- **Given records**:
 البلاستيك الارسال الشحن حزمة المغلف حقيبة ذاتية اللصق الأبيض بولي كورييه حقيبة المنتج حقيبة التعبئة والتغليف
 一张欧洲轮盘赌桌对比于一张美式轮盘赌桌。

==

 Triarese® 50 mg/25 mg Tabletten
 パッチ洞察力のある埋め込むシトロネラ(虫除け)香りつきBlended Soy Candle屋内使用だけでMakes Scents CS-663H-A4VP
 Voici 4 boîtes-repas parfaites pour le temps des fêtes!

- **Activity**: With the first line being the one containing "Triarese® 50 mg/25 mg Tabletten" and the last line the one containing "Voici 4 boîtes-repas", transcribe exactly the lines above that fall in that range.

- **Written response**:
 Triarese® 50 mg/25 mg Tabletten
 パッチ洞察力のある埋め込むシトロネラ(虫除け)香りつきBlended Soy Candle屋内使用だけでMakes Scents CS-663H-A4VP
 Voici 4 boîtes-repas parfaites pour le temps des fêtes!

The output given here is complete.